To eliminate waste, you must be able to understand what waste is. Waste is anything that does not add direct value to the customer. There are seven wastes of software development:

• Partially Done Work
• Extra Processes
• Extra Features
• Task Switching
• Waiting
• Motion
• Defects

Partially done work

Partially done work is a waste because:

• It doesn't add any value to the customer
• The time and resources spent doing this work could have been used on something that is of value to the customer
• The work usually isn't maintained, so it eventually becomes obsolete

Extra processes

Extra processes are just like a bunch of paperwork. As a result, they are a waste for pretty much the same reasons as partially done work.

Extra features

If the customer didn't ask for it, it doesn't bring them value. It might be nice to have, but it's better to use the resources to build exactly what customers want.

Task switching

Humans need time to switch their mind to focus on another task, and that time spent switching contexts is a waste. Task switching wastes a resource's (person’s) time, so it's a waste to assign a resource to multiple projects.

Waiting

Many people would agree that by definition, waiting is a big waste of time. So, any type of delay is a waste. Examples of a delay in software development are delays in:

• starting the project
• getting the right resources (staff)
• getting the requirements from the customer
• approvals of documentation
• getting answers
• making decisions
• implementation
• testing

Motion

Lean software development defines motion for two things: people and artifacts. Motion for people is when people need to physically walk from their desk to another team member to ask a question, collaborate, and so on.
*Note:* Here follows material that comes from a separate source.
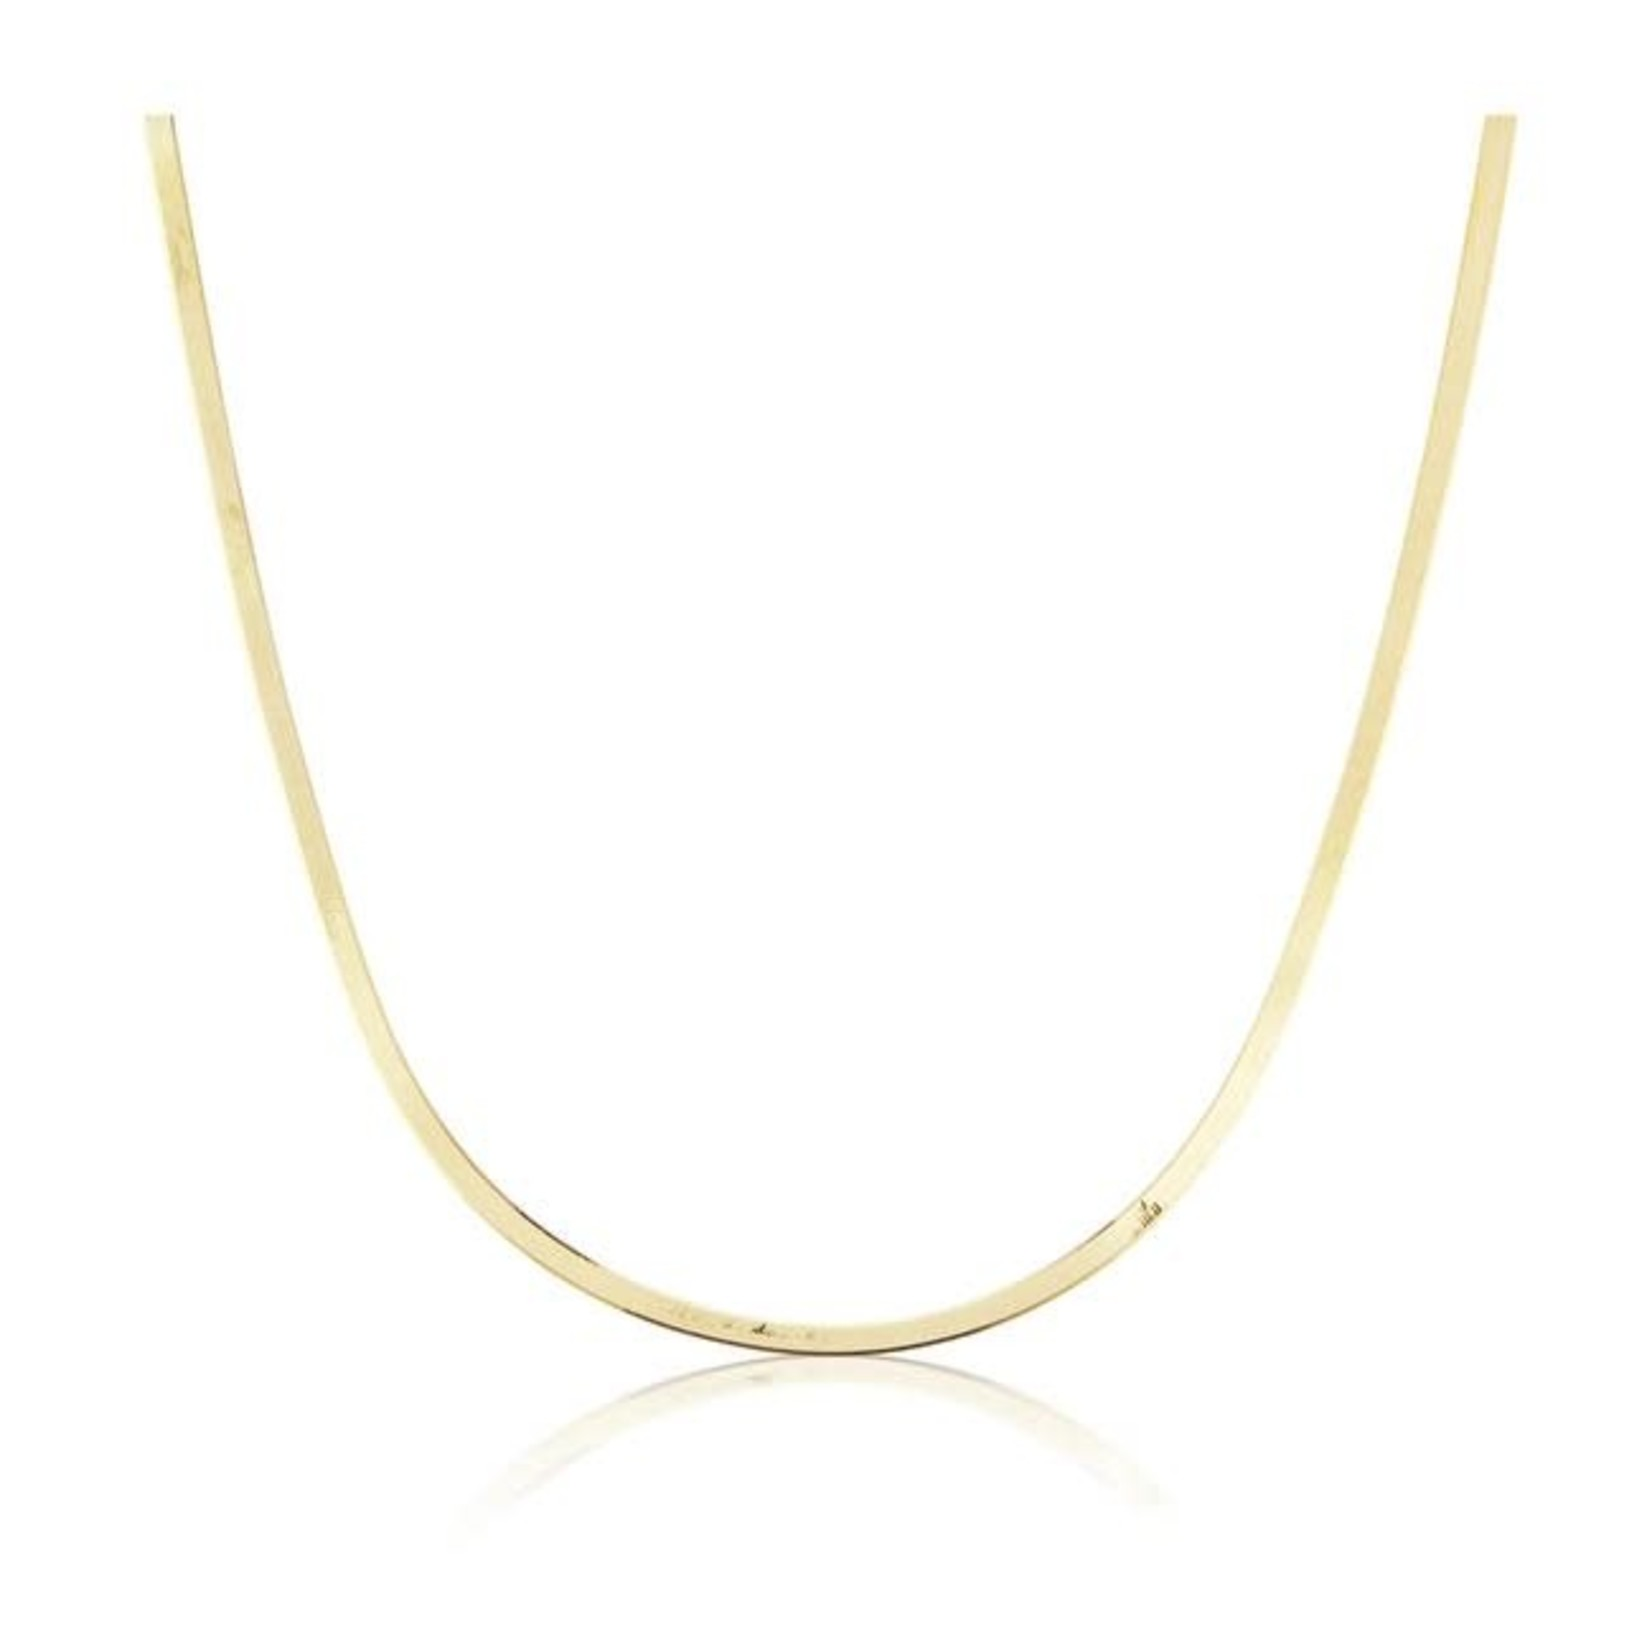 KBH Jewels Liquid Gold Herringbone Necklace

When they move from their desk, it is not only the time it takes for them to get to the destination that is a waste, but also the task switching time.

The motion of artifacts is when documents or code are moved from one person to another. Most of the time, the document doesn't contain all of the information for the next person, so either that person has to gather the information again, or the hand-off requires time, which is a waste.

Defects

Unnoticed defects (otherwise known as bugs) are a waste because of the impact of the defect. The defect can cause a snowball effect with other features, so the time it takes to debug it is a waste. Also, for a customer, the value of the software is reduced when they run into issues, so the feature ends up being a waste.

Lean Software Development (Cont.)

Amplify Learning with Short Sprints

To be able to fine tune software, there should be frequent short iterations of working software. By having more iterations:

• Developers learn faster
• Customers can give feedback sooner
• Features can be adjusted so that they bring customers more value

Decide as Late as Possible

When there is uncertainty, it is best to delay the decision-making until as late as possible in the process, because it's better to base decisions on facts rather than opinion or speculation.

Also, when a decision isn't yet made, the software is built to be flexible in order to accommodate the uncertainty. This flexibility enables developers to make changes when a decision is made--or in the future, if requirements change.

Deliver as Fast as Possible

Delivering the software faster:

• Enables customers to provide feedback
• Enables developers to amplify learning
• Gives customers the features they need now
• Doesn't allow customers to change their mind
• Makes everyone make decisions faster
• Produces less waste

You'll notice that each of these reasons practices at least one of the previously discussed lean principles.

Empower the Team

Each person has their own expertise, so let them make decisions in their area of expertise. When combined with the other principles such as eliminating waste, making late decisions, and fast deliveries, there isn't time for others to make decisions for the team.

Build Integrity In

Integrity for software is when the software addresses exactly what the customer needs. Another level of integrity is that the software maintains its usefulness for the customer.

Optimize the Whole

Although one of the principles is empowering the team, each expert must take a step back and see the big picture. The software must be built cohesively. The value of the software will suffer if each expert only focuses on their expertise and doesn't consider the ramifications of their decisions on the rest of the software.

Software Design Patterns

Introduction

Software design patterns are best practice solutions for solving common problems in software development. Design patterns are language-independent. This means that they can be implemented in any contemporary, general-purpose computing language, or in any language that supports object-oriented programming. Often, popular design patterns encourage creation of add-on frameworks that simplify implementation in widely-used languages and paradigms.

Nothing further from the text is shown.